LOS ANGELES ( — Jews will begin the observance of Rosh Hashana, the two-day holiday marking the Jewish New Year, at sundown Wednesday.

Rosh Hashana is "metaphorically the birthday of the world" and a "time of new beginnings, of second chances," said Rabbi Laura Geller, the senior rabbi of Temple Emanuel of Beverly Hills.

In preparation for the new year, Jews conduct what is known in Hebrew as "Cheshbon HaNefesh," an "accounting of the soul," Geller said.

"We are to look at the lives we have lived in the past year and decide from whom we need to ask forgiveness, whom we to need forgive, what we need to let go of and what we need to bring with us into the new year," Geller said.

Rosh Hashana is a festive time when Jews gather with family members to reflect on the past year and the new one that is beginning. Celebrants also eat festive meals featuring apples dipped in honey, symbolic of the wishes for a sweet year.

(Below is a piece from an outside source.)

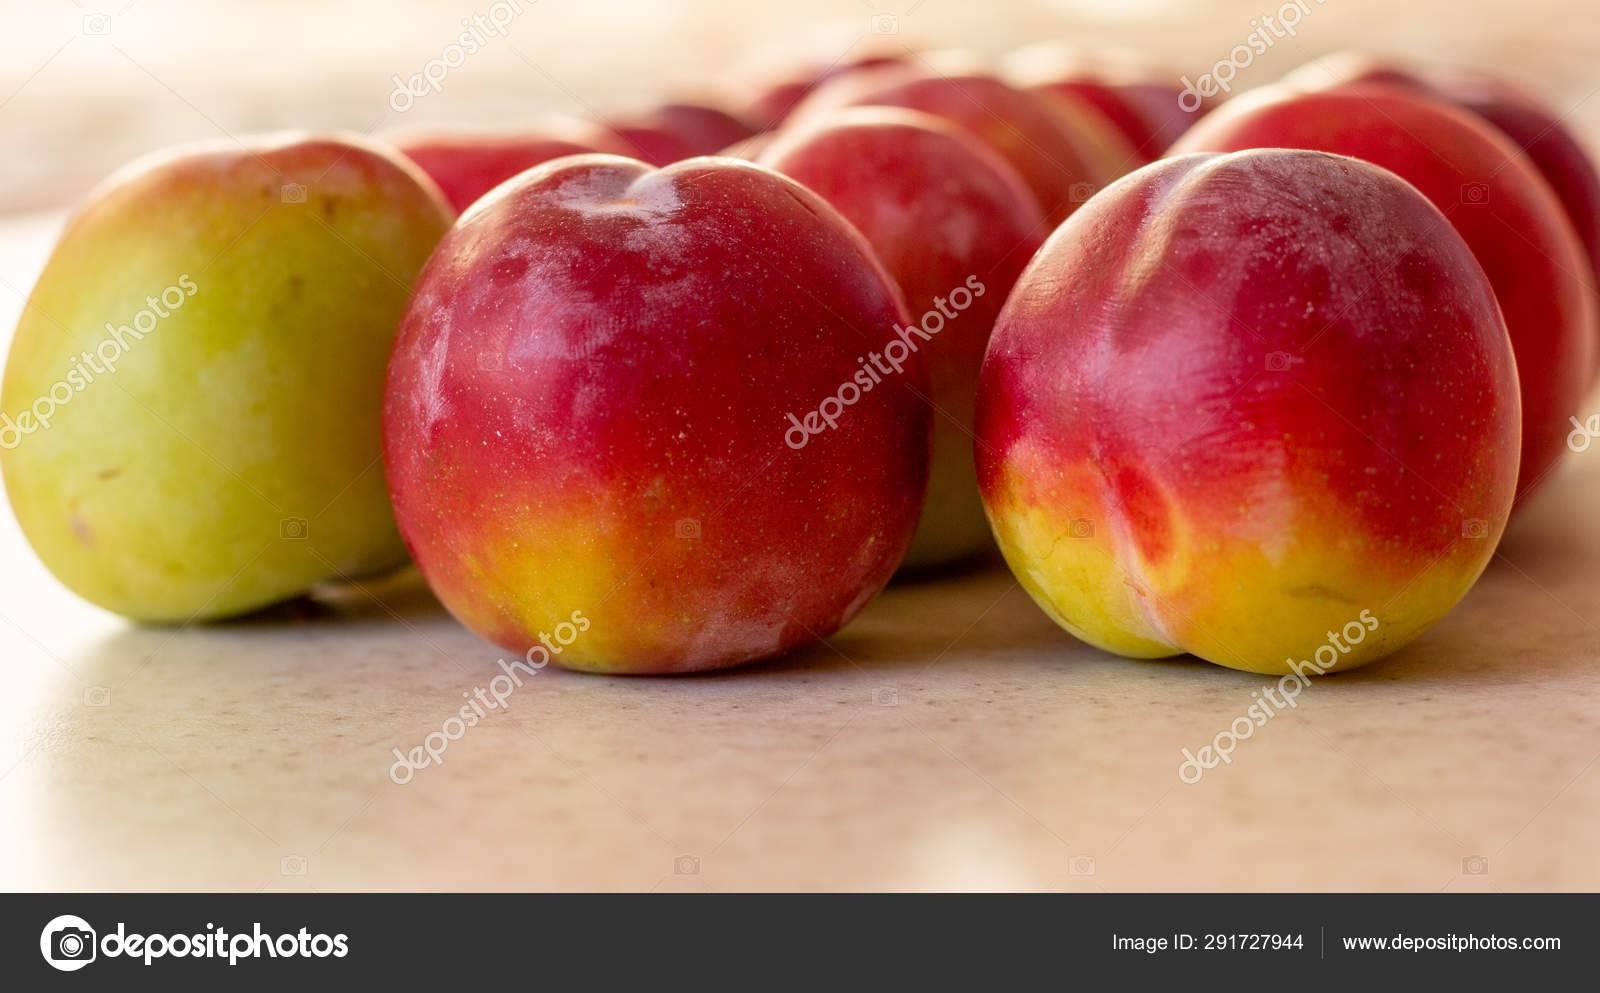 Сорта гибридов персика и сливы название. гибриды сливы, абрикоса и персика: названия и описание новых фруктов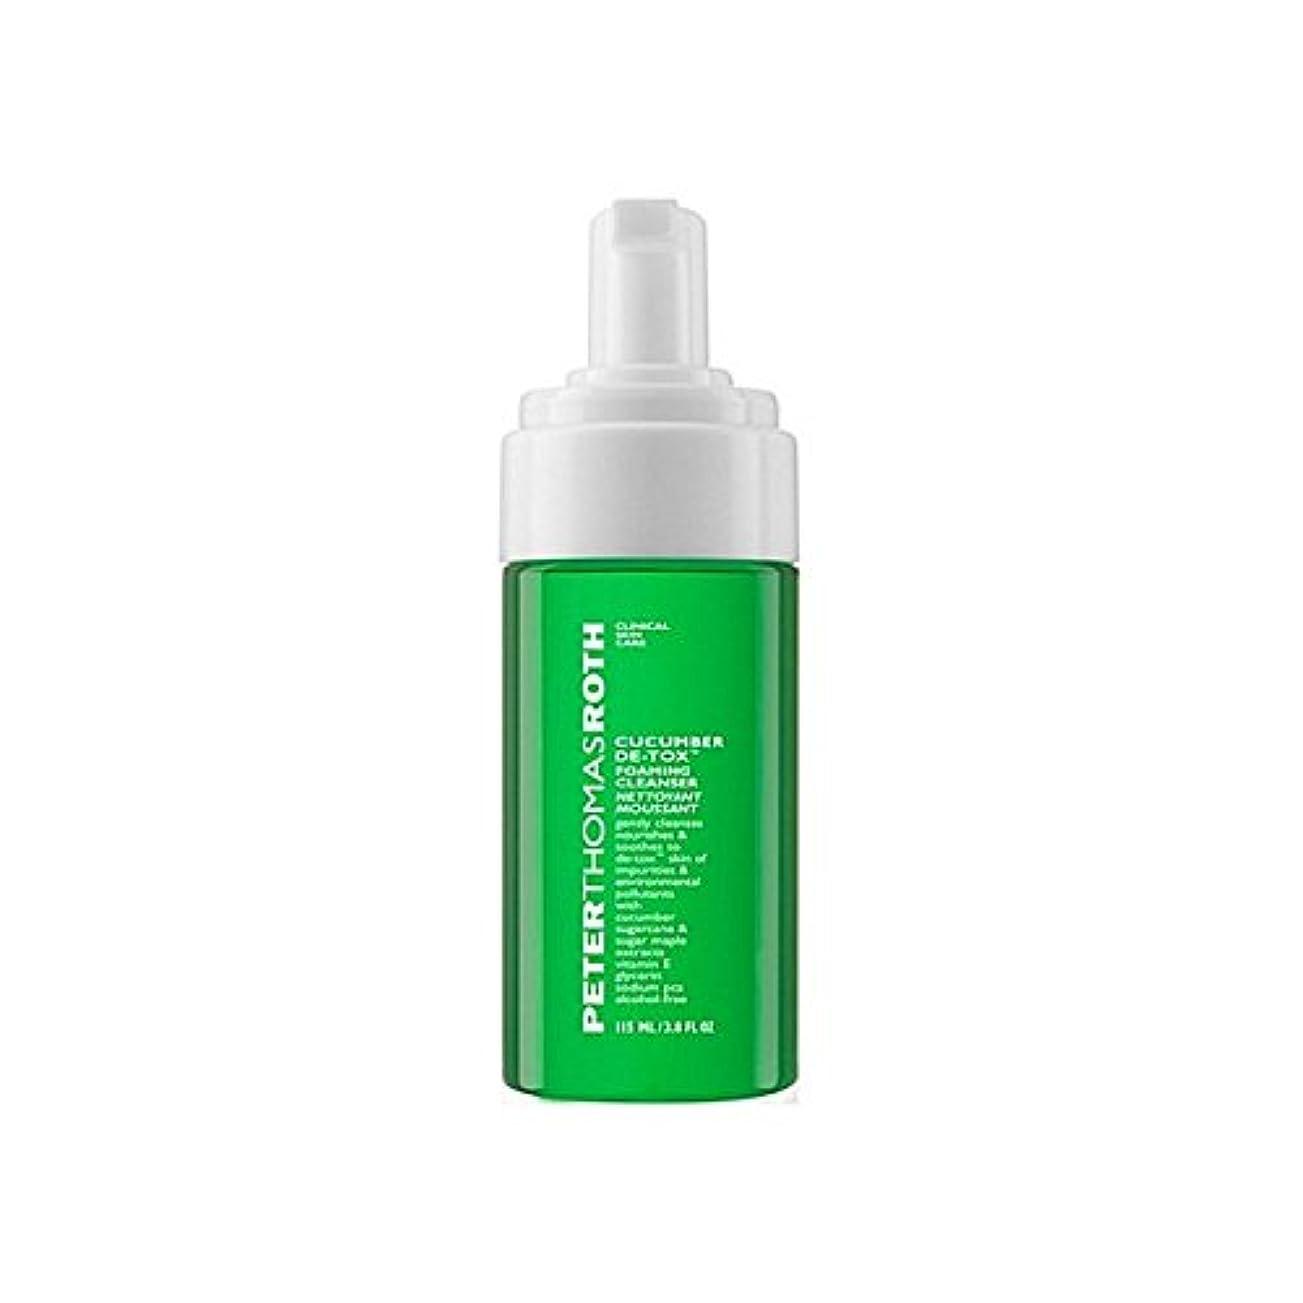 ピータートーマスロスキュウリデ発泡クレンザー x4 - Peter Thomas Roth Cucumber De-Tox Foaming Cleanser (Pack of 4) [並行輸入品]

A round challah, a loaf of bread, is used, rather than the customary twisted one, to symbolize that "the year is round," Geller said.

Rosh Hashana is the beginning of the "10 Days of Awe" leading to Yom Kippur, the Day of Atonement, Judaism's most solemn and somber day. Jewish tradition holds that God records the fate of humankind in the Book of Life during the High Holy Days.